THE GREEK KALENDS
The decision of the president of the government, Pedro Sánchez, to approve Morocco's plan on Western Sahara is a wound that he continues to fester as it has led to an unwanted conflict with Algeria.
The problem is acute because Sánchez has not limited himself to supporting autonomy, but rather has given Morocco ownership of the former Spanish colony, as Donald Trump did at the end of his term.
This is so because the plan established by Rabat explicitly says that the autonomy granted to the Sahrawis “will be carried out under the sovereignty of Morocco”, so that autonomy and sovereignty are inseparable, and this is what causes harm.
If Pedro Sánchez had proposed a new statement of the Moroccan plan, to preserve the position of the United Nations, this crisis would have been avoided.
It does not take a magician to support a new statement that, in substance, said: "The two parties (Morocco and the Polisario) accept the autonomy of Western Sahara under Moroccan sovereignty, limited in time by mutual agreement, and commit themselves, by through negotiations, to set the date of an electoral consultation, supervised and controlled by the United Nations, which allows knowing the real will of the Saharawi people through the ballot boxes”.

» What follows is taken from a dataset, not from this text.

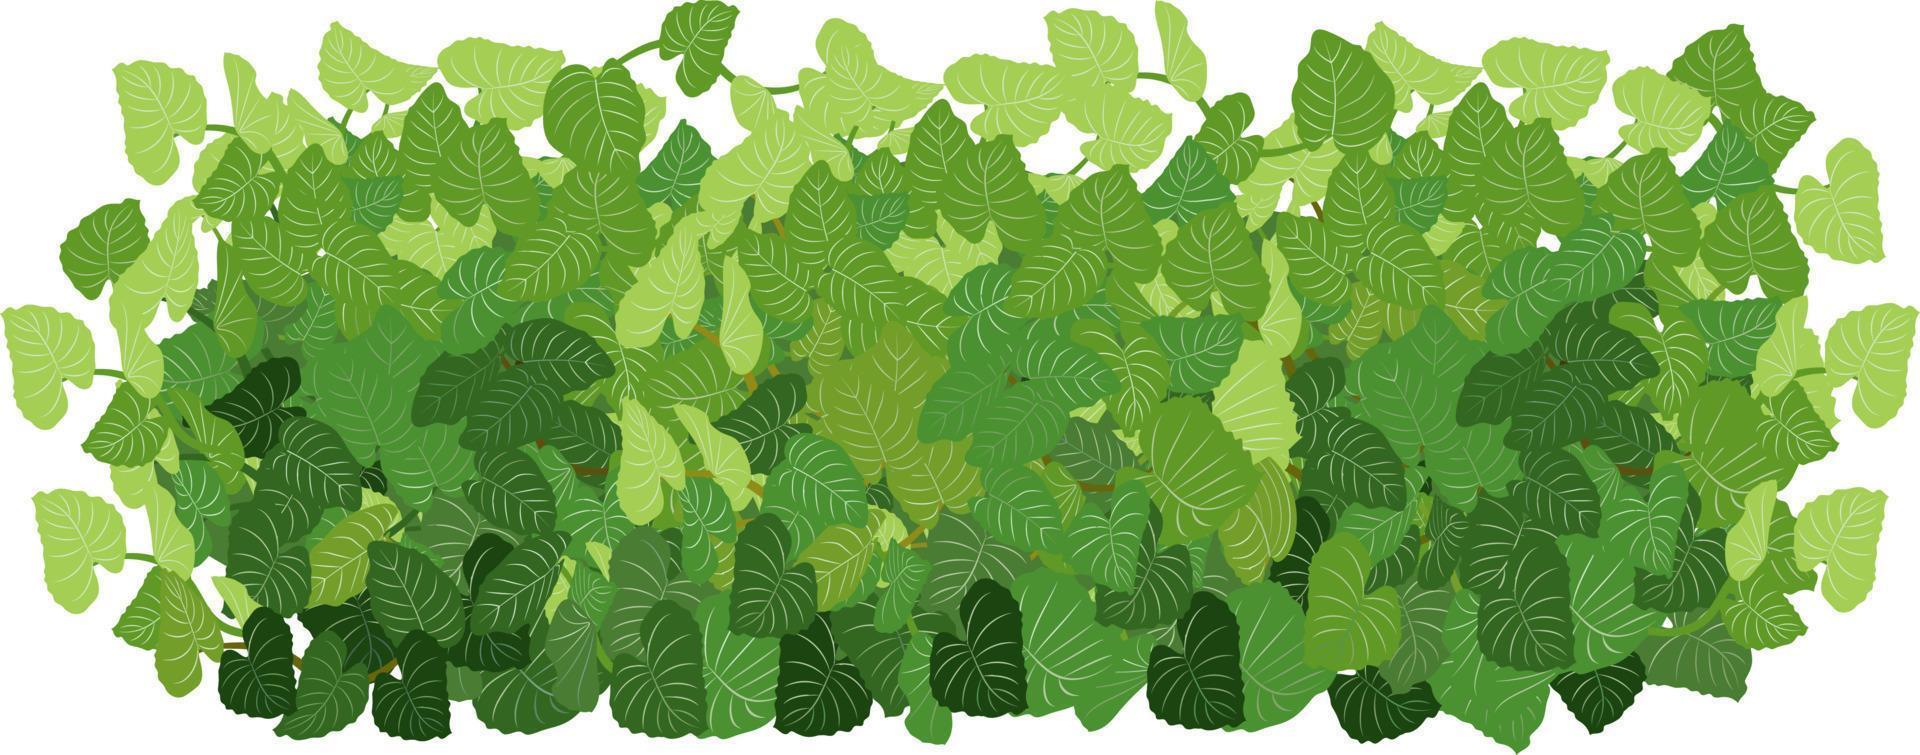 satz grüner zierpflanze in form einer hecke.realistischer gartenstrauch, saisonaler busch, buchsbaum, baumkronenbuschlaub. vektor

This statement would have preserved Sánchez from the fury of his opposition and that of the party that makes up the government coalition, although to tell the truth it is difficult to imagine that Morocco could accept it in those terms. In any case, the president would have shown the profile of a statesman of him.
The second error concerns the two Spanish autonomous cities. Sánchez has celebrated that Morocco recognizes that Ceuta and Melilla are Spanish. It has been said that there will therefore be a border line materialized by a Customs, and people from Ceuta and Melilla can rest assured that they will not suffer another Green March.
But is the president sure that this is really going to happen? Morocco has not changed a single letter of its internal policy aimed at reaffirming its sovereignty over the Spanish "prisons", although it admits that the current situation of both can continue as it is while the day and time comes to demand them, and perhaps with something more than words.
But Pedro Sánchez tells us that there is no longer a problem with the Spanishness of the two cities and that everything is underway and is getting closer… with the Greek Kalends?